* **Task prompt**
Please reproduce all of the listing below exactly and drop its images.
[[ Dataset extract open ]]
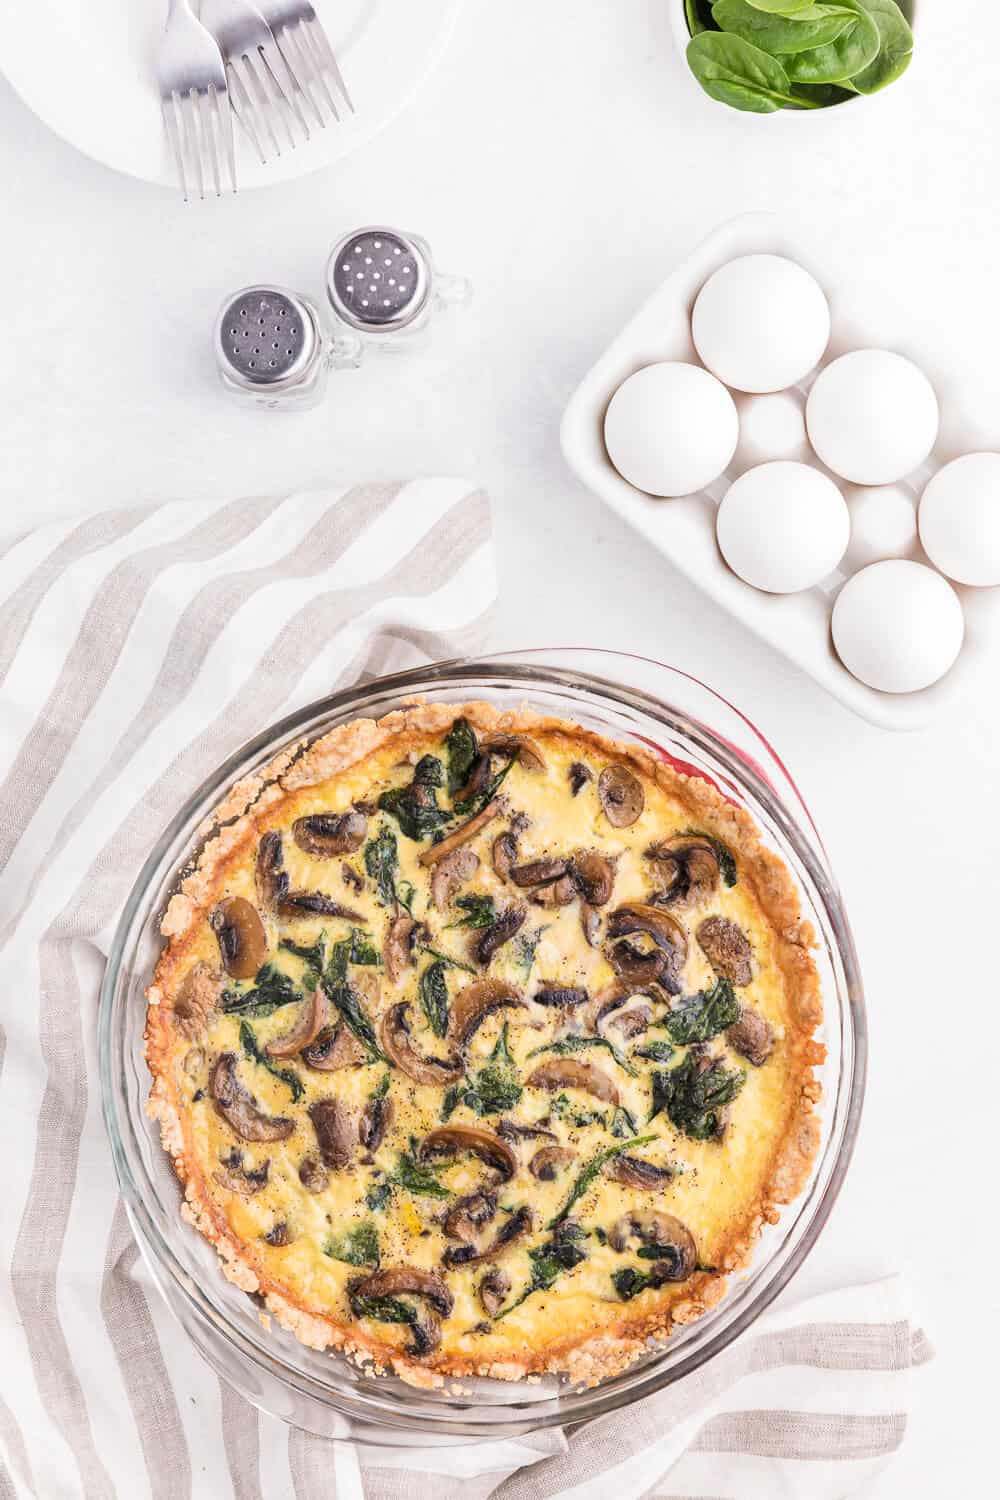 Spinach Mushroom Quiche- Fresh baby spinach, sliced mushrooms nestled in a creamy blend of eggs!
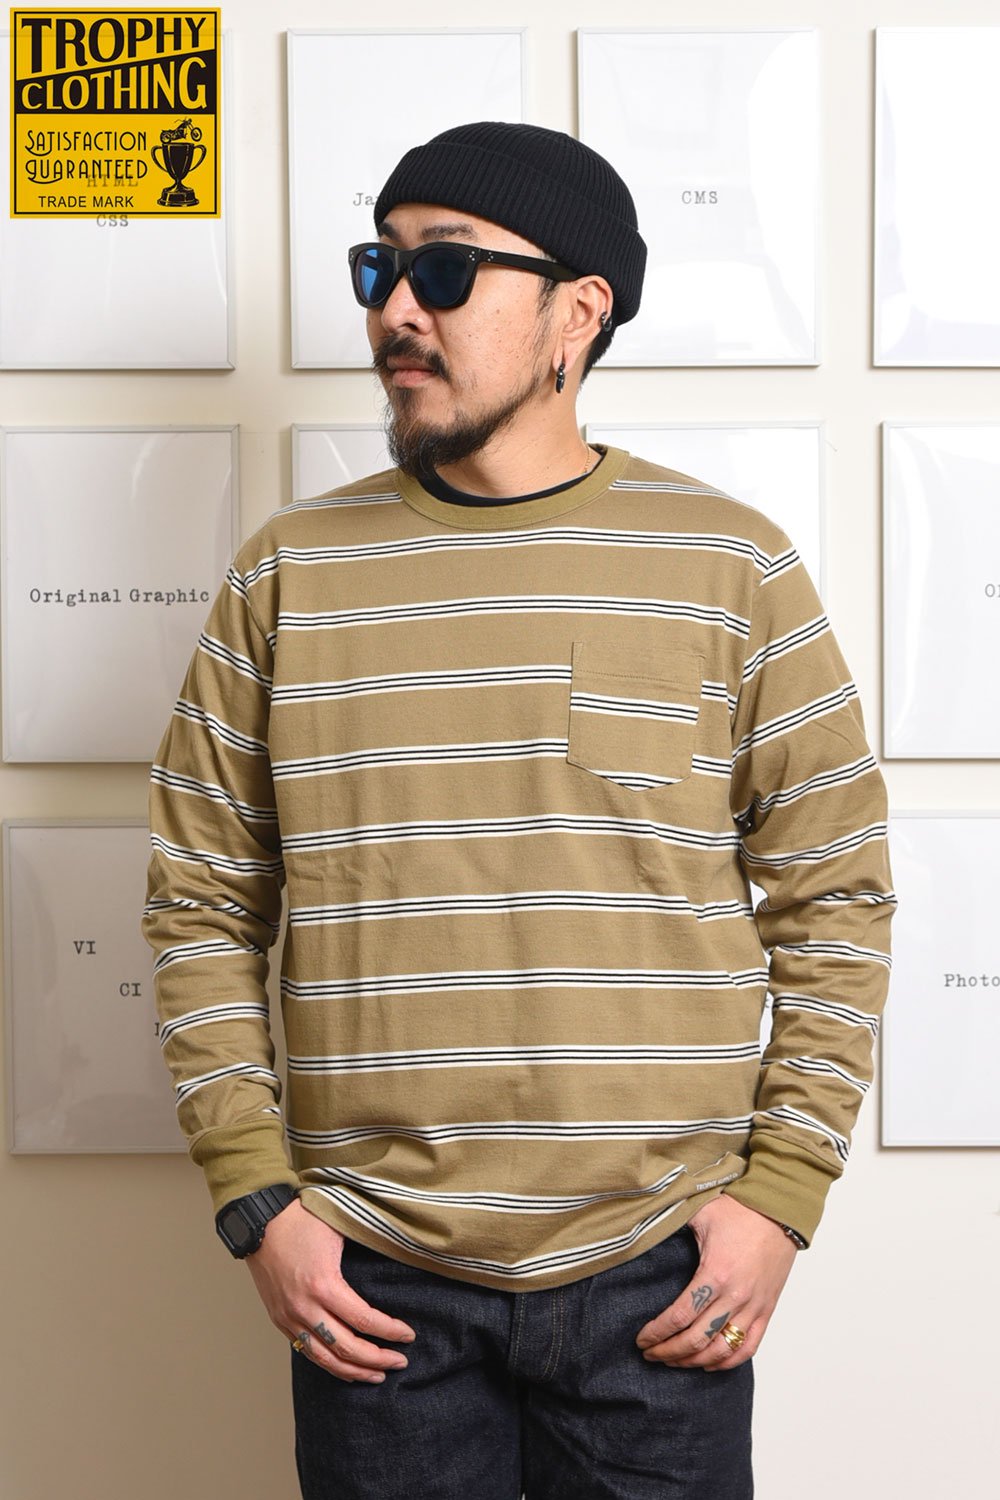 TROPHY CLOTHING(トロフィークロージング) ボーダーポケットロングスリーブTシャツ MULTI BORDER POCKET L/S  TEE TR21SS-202 通販正規取扱 | ハーレムストア公式通販サイト
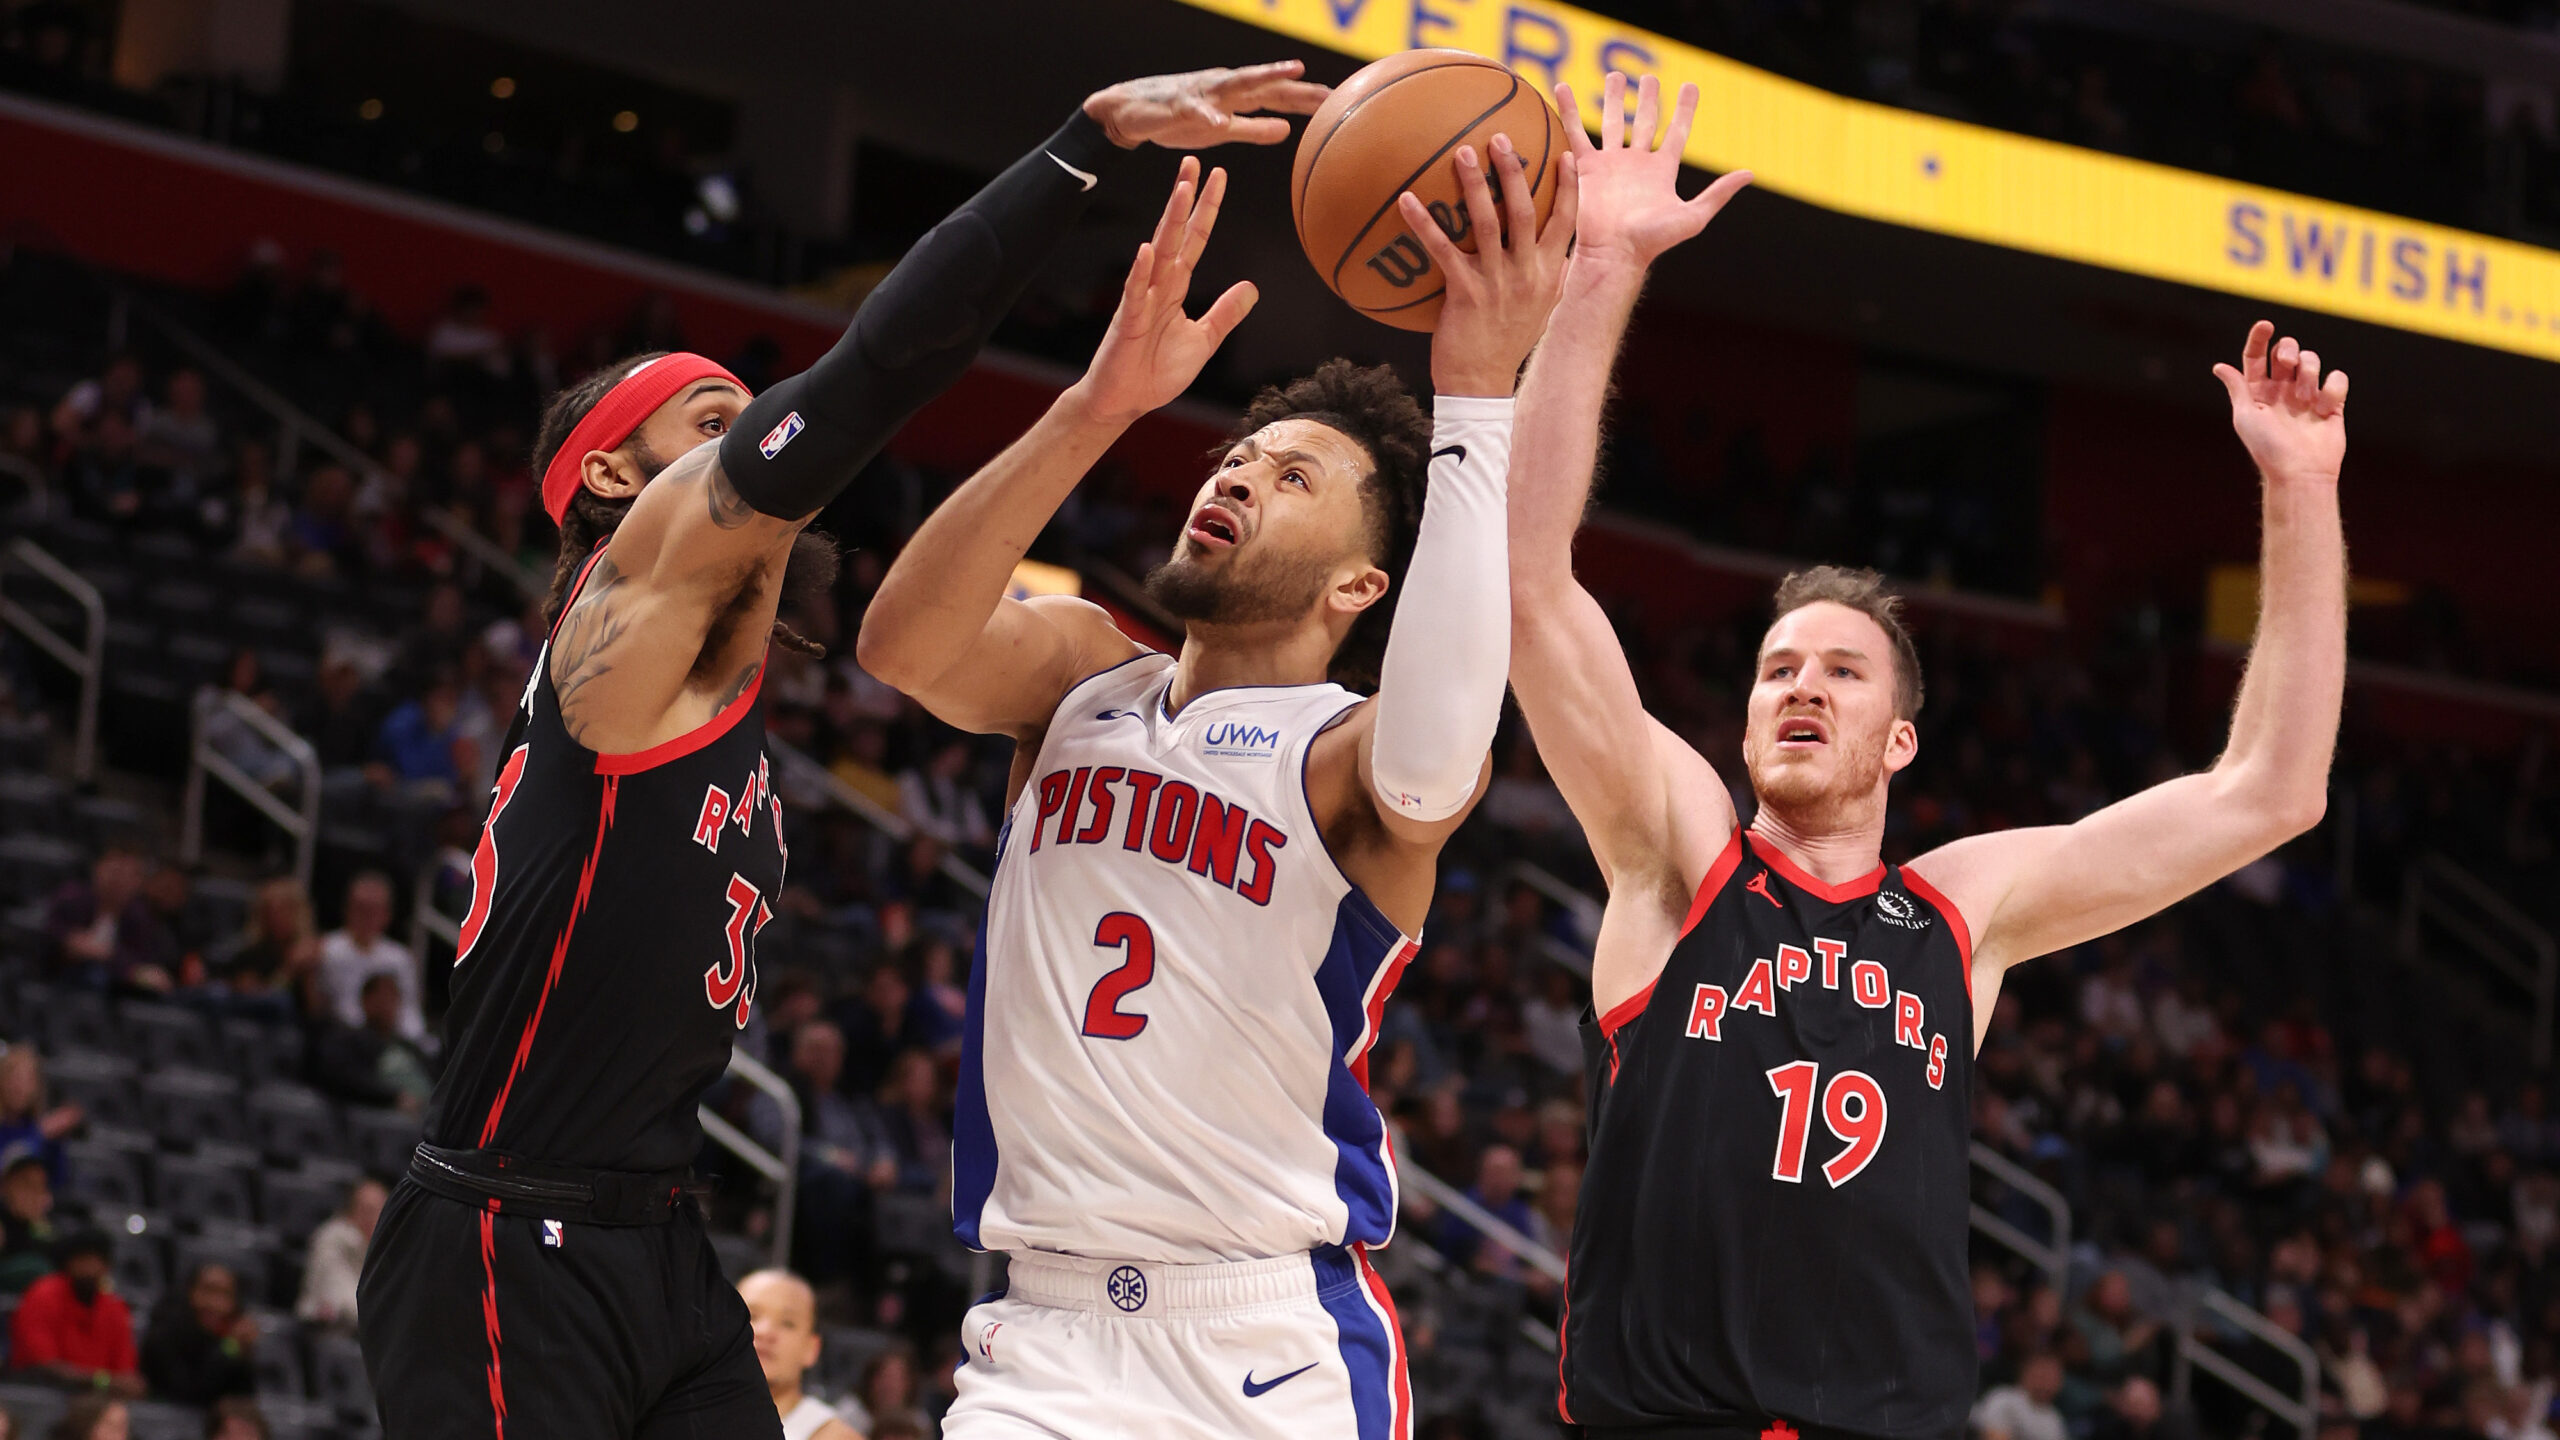 Detroit Pistons end a historic losing streak with a win against the Toronto Raptors
[[ Dataset extract closed ]]
* **Written solution**
 Spinach Mushroom Quiche- Fresh baby spinach, sliced mushrooms nestled in a creamy blend of eggs!
 TROPHY CLOTHING(トロフィークロージング) ボーダーポケットロングスリーブTシャツ MULTI BORDER POCKET L/S  TEE TR21SS-202 通販正規取扱 | ハーレムストア公式通販サイト
 Detroit Pistons end a historic losing streak with a win against the Toronto Raptors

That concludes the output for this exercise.